Records contained in a dataset
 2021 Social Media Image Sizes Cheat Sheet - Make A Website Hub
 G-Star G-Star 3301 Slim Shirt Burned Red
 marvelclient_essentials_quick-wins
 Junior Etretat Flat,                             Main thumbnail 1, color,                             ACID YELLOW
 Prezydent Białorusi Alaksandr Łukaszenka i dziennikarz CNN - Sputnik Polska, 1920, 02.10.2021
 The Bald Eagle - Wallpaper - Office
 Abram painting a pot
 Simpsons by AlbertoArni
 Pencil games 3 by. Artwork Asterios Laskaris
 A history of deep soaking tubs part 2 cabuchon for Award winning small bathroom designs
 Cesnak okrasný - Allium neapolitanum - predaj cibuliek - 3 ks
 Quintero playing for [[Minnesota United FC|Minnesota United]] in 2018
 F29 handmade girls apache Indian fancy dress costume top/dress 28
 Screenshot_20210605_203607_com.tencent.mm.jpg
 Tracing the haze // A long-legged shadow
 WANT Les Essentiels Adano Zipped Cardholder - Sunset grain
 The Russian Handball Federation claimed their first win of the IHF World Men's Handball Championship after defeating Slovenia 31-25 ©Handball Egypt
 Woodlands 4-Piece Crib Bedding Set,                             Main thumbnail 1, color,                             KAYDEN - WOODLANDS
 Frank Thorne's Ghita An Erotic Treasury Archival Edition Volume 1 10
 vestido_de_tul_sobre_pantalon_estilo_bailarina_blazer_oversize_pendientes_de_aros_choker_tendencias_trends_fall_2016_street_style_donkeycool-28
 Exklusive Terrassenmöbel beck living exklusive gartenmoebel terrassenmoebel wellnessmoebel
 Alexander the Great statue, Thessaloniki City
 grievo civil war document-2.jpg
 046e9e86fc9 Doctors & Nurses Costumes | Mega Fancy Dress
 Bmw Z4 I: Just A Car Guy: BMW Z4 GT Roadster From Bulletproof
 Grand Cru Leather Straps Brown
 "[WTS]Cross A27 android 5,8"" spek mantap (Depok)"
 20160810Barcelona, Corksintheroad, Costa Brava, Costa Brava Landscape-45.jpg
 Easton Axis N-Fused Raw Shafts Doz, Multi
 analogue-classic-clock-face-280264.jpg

EXERCISE BRIEF - The required output is the set of lines from the first line of the data through the line that contains "The Russian Handball", transcribed exactly.

YOUR RESPONSE -
 2021 Social Media Image Sizes Cheat Sheet - Make A Website Hub
 G-Star G-Star 3301 Slim Shirt Burned Red
 marvelclient_essentials_quick-wins
 Junior Etretat Flat,                             Main thumbnail 1, color,                             ACID YELLOW
 Prezydent Białorusi Alaksandr Łukaszenka i dziennikarz CNN - Sputnik Polska, 1920, 02.10.2021
 The Bald Eagle - Wallpaper - Office
 Abram painting a pot
 Simpsons by AlbertoArni
 Pencil games 3 by. Artwork Asterios Laskaris
 A history of deep soaking tubs part 2 cabuchon for Award winning small bathroom designs
 Cesnak okrasný - Allium neapolitanum - predaj cibuliek - 3 ks
 Quintero playing for [[Minnesota United FC|Minnesota United]] in 2018
 F29 handmade girls apache Indian fancy dress costume top/dress 28
 Screenshot_20210605_203607_com.tencent.mm.jpg
 Tracing the haze // A long-legged shadow
 WANT Les Essentiels Adano Zipped Cardholder - Sunset grain
 The Russian Handball Federation claimed their first win of the IHF World Men's Handball Championship after defeating Slovenia 31-25 ©Handball Egypt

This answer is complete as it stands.